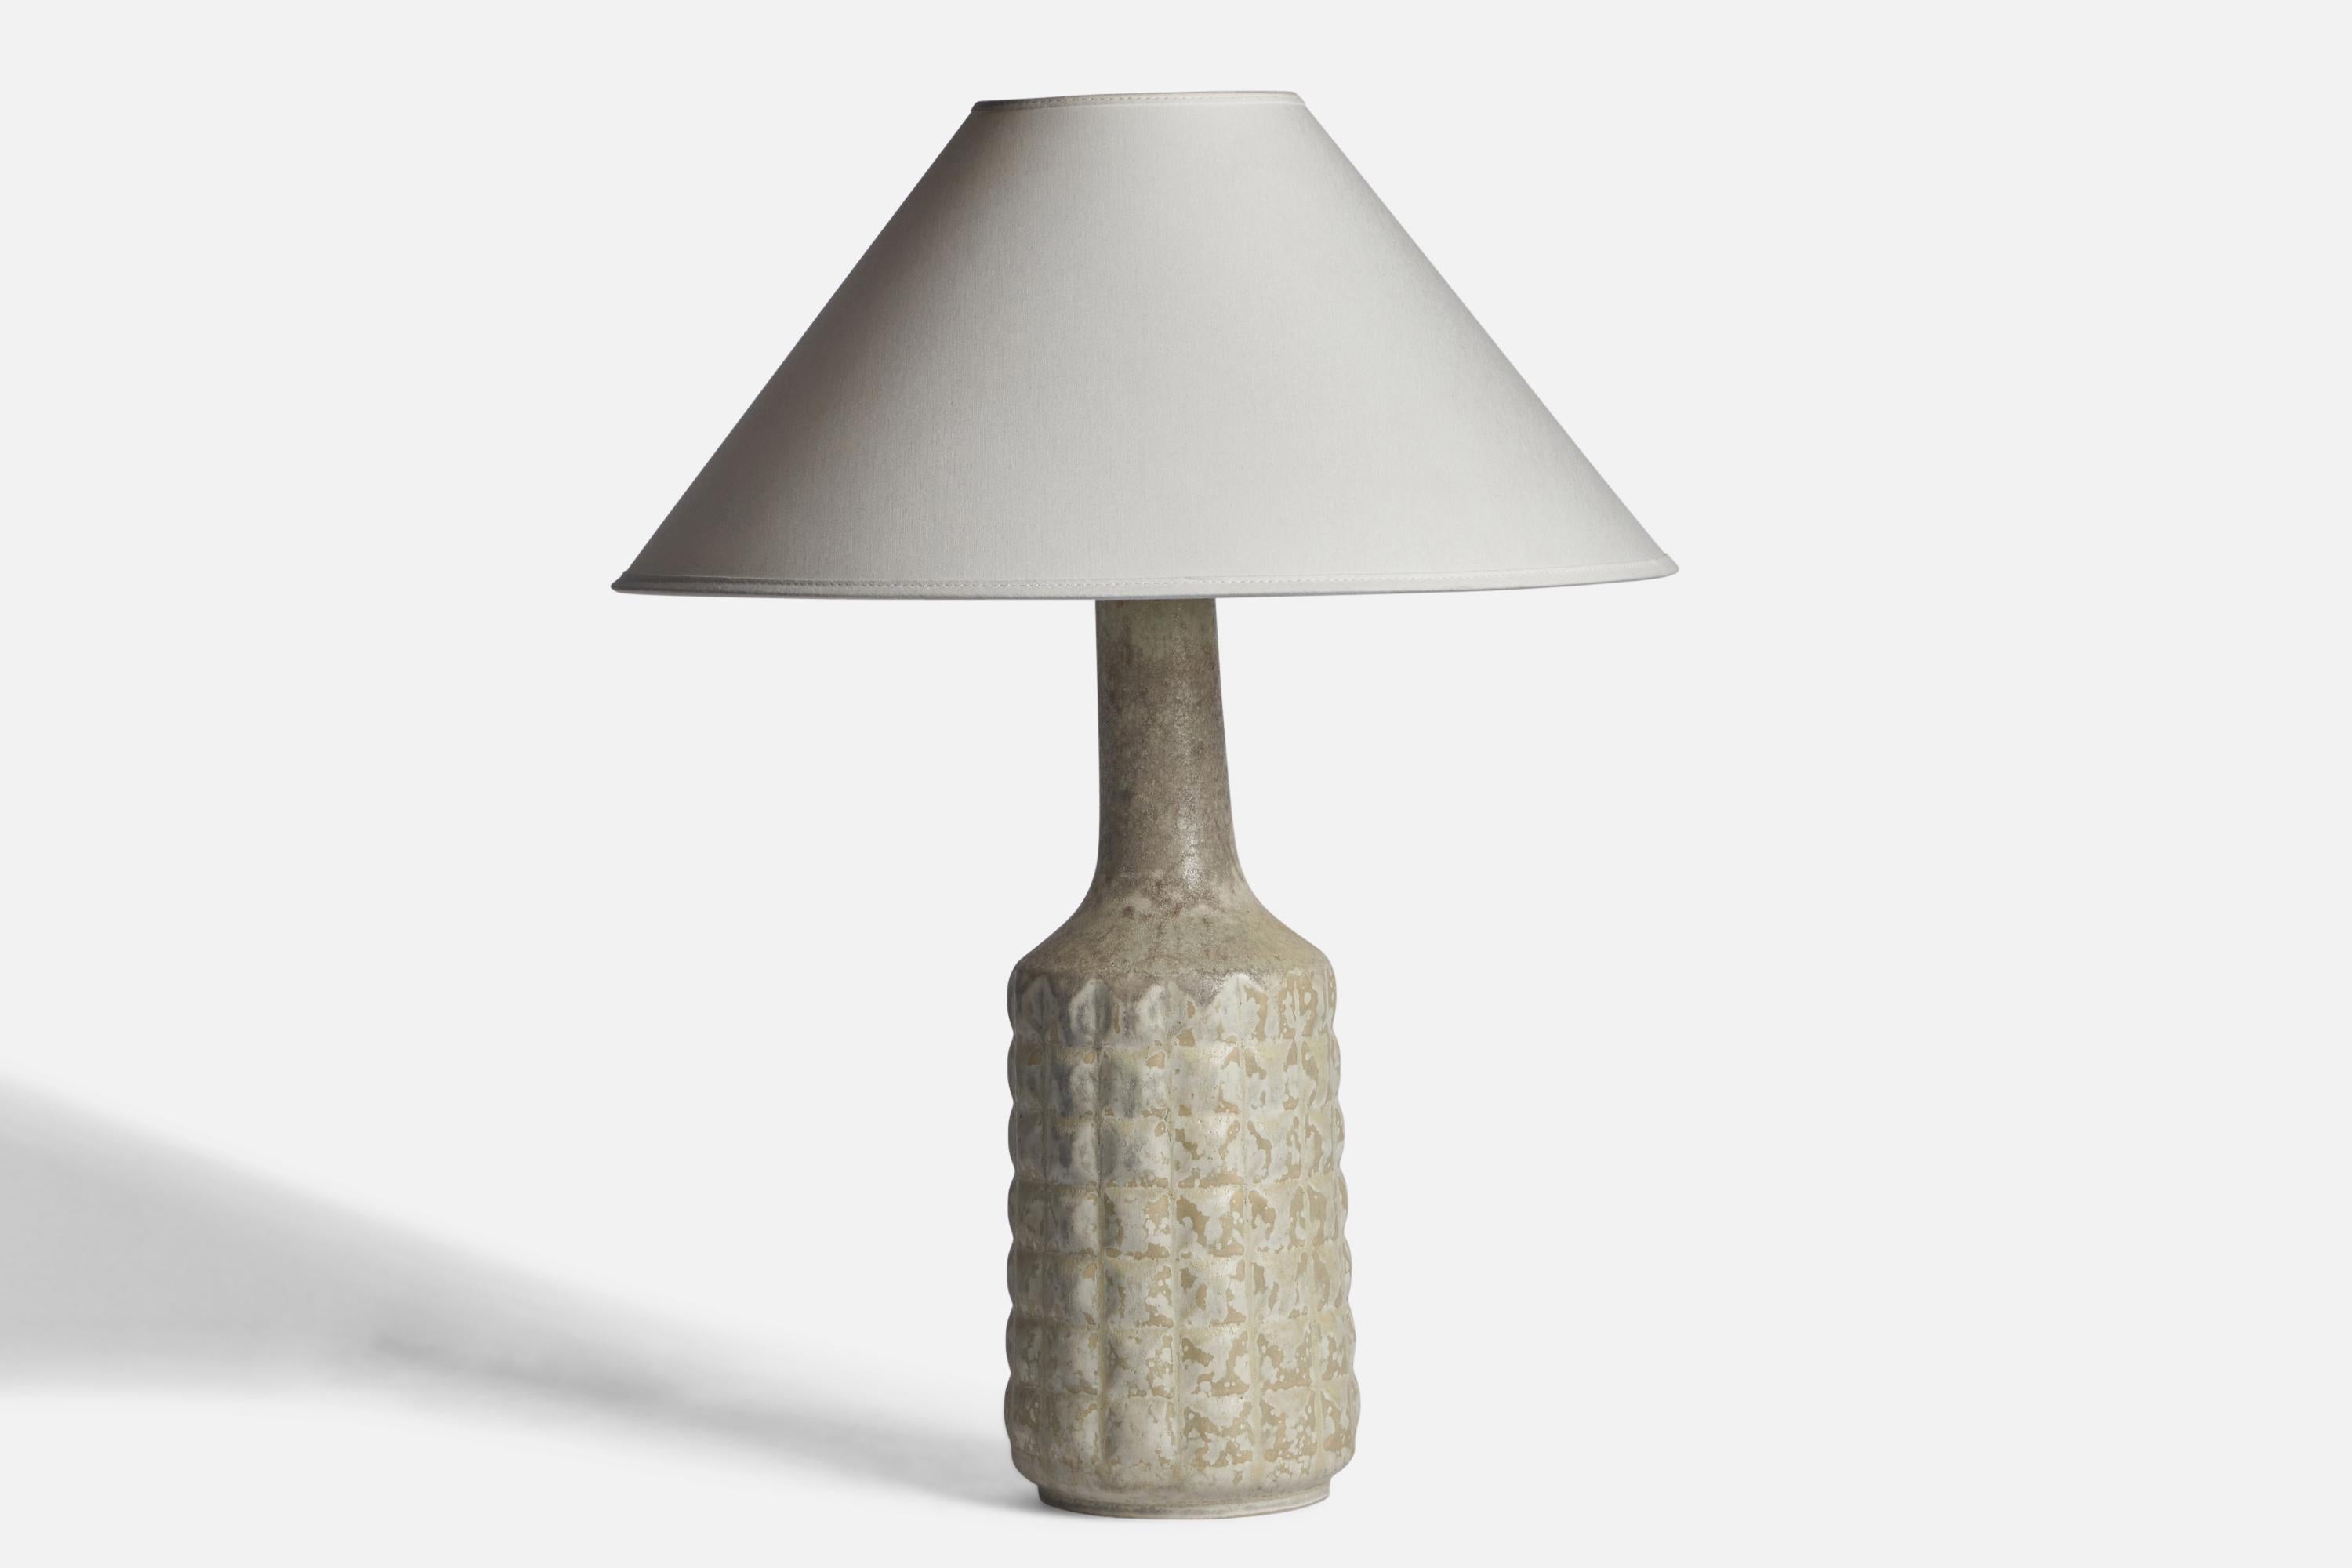 A light grey-glazed stoneware table lamp designed and produced by Desiree, Denmark, c. 1960s.

Dimensions of Lamp (inches): 16.75 H x 5.25” Diameter
Dimensions of Shade (inches): 4.5” Top Diameter x 16” Bottom Diameter x 7.25” H
Dimensions of Lamp

### [What is being asked]
Scan the listing for the word "Diameter". Copy every line in which it appears.

### [Answer box]
Dimensions of Lamp (inches): 16.75 H x 5.25” Diameter
Dimensions of Shade (inches): 4.5” Top Diameter x 16” Bottom Diameter x 7.25” H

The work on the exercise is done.